Unsupervised semantic segmentation in the time series domain is a much-studied problem due to its potential to detect unexpected regularities and regimes in poorly understood data. However, the current techniques have several shortcomings, which have limited the adoption of time series semantic segmentation beyond academic settings for three primary reasons. First, most methods require setting/learning many parameters and thus may have problems generalizing to novel situations. Second, most methods implicitly assume that all the data is segmentable, and have difficulty when that assumption is unwarranted. Finally, most research efforts have been confined to the batch case, but online segmentation is clearly more useful and actionable. To address these issues, we present an algorithm which is domain agnostic, has only one easily determined parameter, and can handle data streaming at a high rate. In this context, we test our algorithm on the largest and most diverse collection of time series datasets ever considered, and demonstrate our algorithms superiority over current solutions. Furthermore, we are the first to show that semantic segmentation may be possible at superhuman performance levels.

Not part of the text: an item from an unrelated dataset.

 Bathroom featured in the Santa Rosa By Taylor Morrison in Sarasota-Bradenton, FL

Clustering in the Face of Fast Changing Streams.

Clustering is arguably the most important primitive for data mining, finding use as a subroutine in many higher-order algorithms. In recent years, the community has redirected its attention from the batch case to the online case. This need to support online clustering is engendered by the proliferation of cheap ubiquitous sensors that continuously monitor various aspects of our world, from heartbeats as we exercise to the number of mosquitoes visiting a well in a village in Ethiopia. In this work, we argue that current online clustering solutions offer a room for improvement. To some degree they all have at least one of the following shortcomings: they are parameter-laden, only defined for certain distance functions, sensitive to outliers, and/or they are approximate. This last point requires clarification; in some sense almost all clustering algorithms are approximate. For example, in general, k-means only approximately optimizes its objective function. However, streaming versions of the k-means algorithm are further approximating this approximation, potentially leading to very poor solutions. In this work, we introduce an algorithm that mitigates these flaws. It is parameter-lite, defined for any distance function, insensitive to outliers and produces the same output as the batch version of the algorithm. We demonstrate the utility and effectiveness of our ideas with case studies in entomology, cardiology and biological audio processing.

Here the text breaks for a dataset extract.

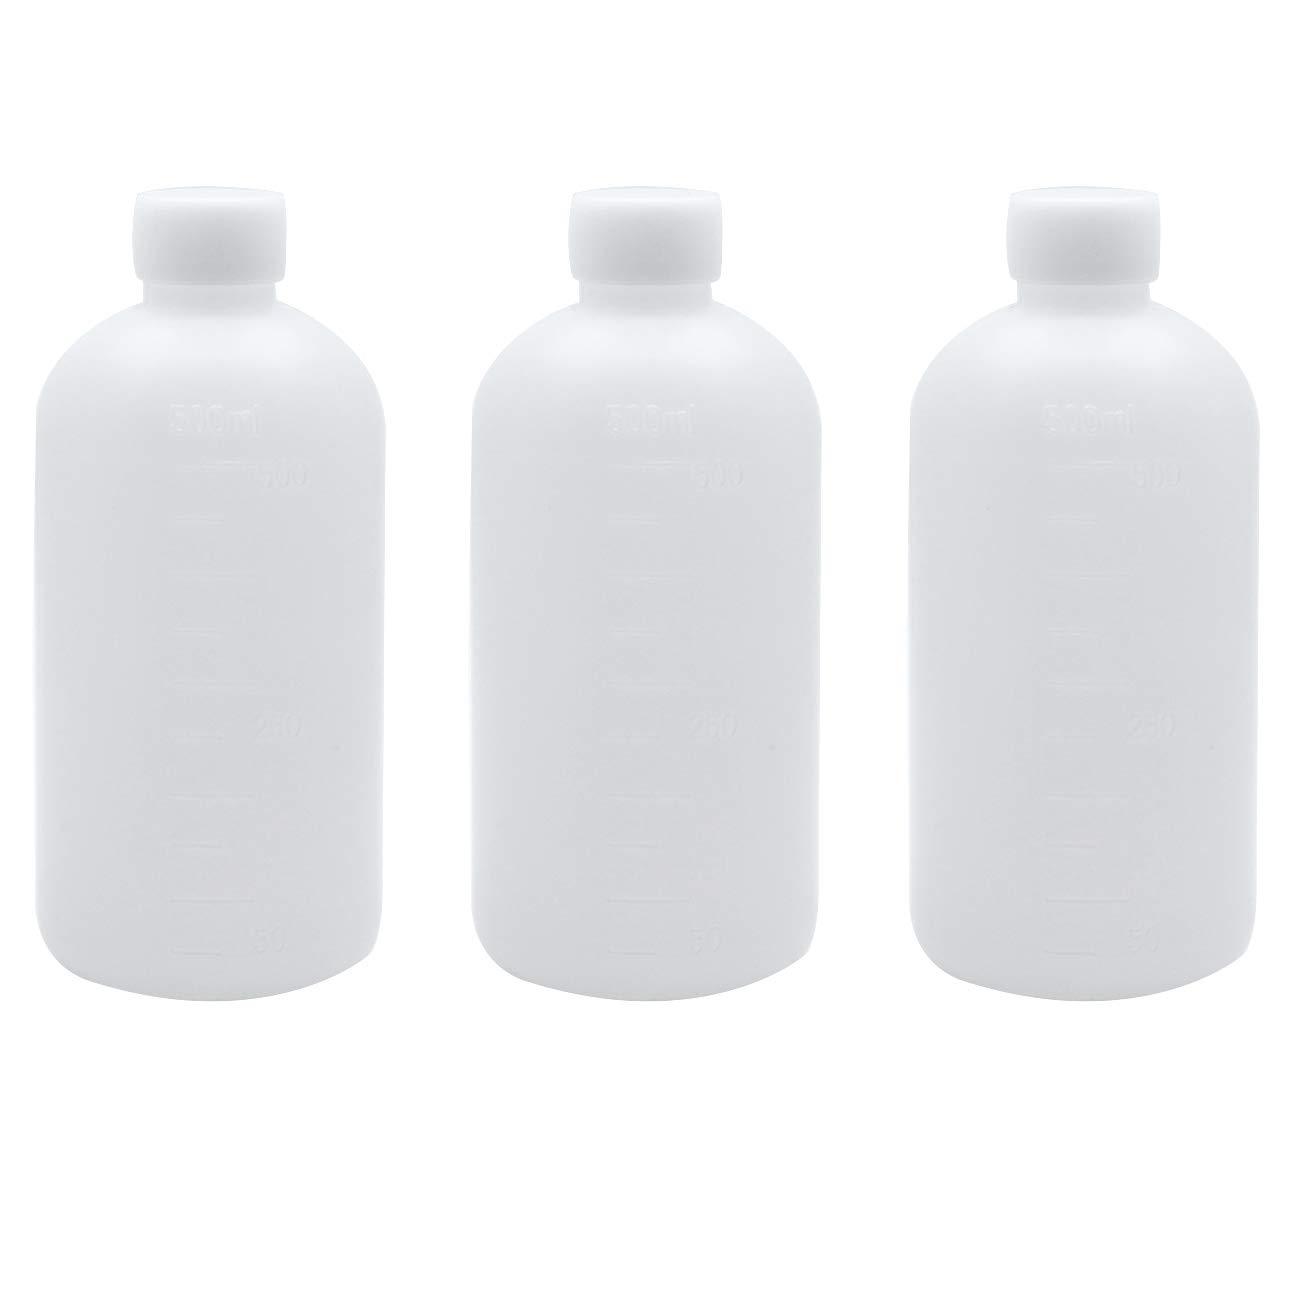 Sscon 3pcs 500ml Plastic Small Mouth Graduated Lab Reagent Bottle Sample Sealing Bottle

Generating Synthetic Data to Allow Learning from a Single Exemplar per Class

Recent years have seen an explosion in the volume of historical documents placed online. The individuality of fonts combined with the degradation suffered by century old manuscripts means that Optical Character Recognition Systems do not work well here. As human transcription is prohibitively expensive, recent efforts focused on human/computer cooperative transcription: a human annotates a small fraction of a text to provide labeled data for recognition algorithms. Such a system naturally begs the question of how much data must the human label? In this work we show that we can do well even if the human labels only a single instance from each class. We achieve this good result using two novel observations: we can leverage off a recently introduced parameter-free distance measure, improving it by taking into account the “complexity” of the glyphs being compared; we can estimate this complexity using synthetic but plausible instances made from the single training instance. We demonstrate the utility of our observations on diverse historical manuscripts.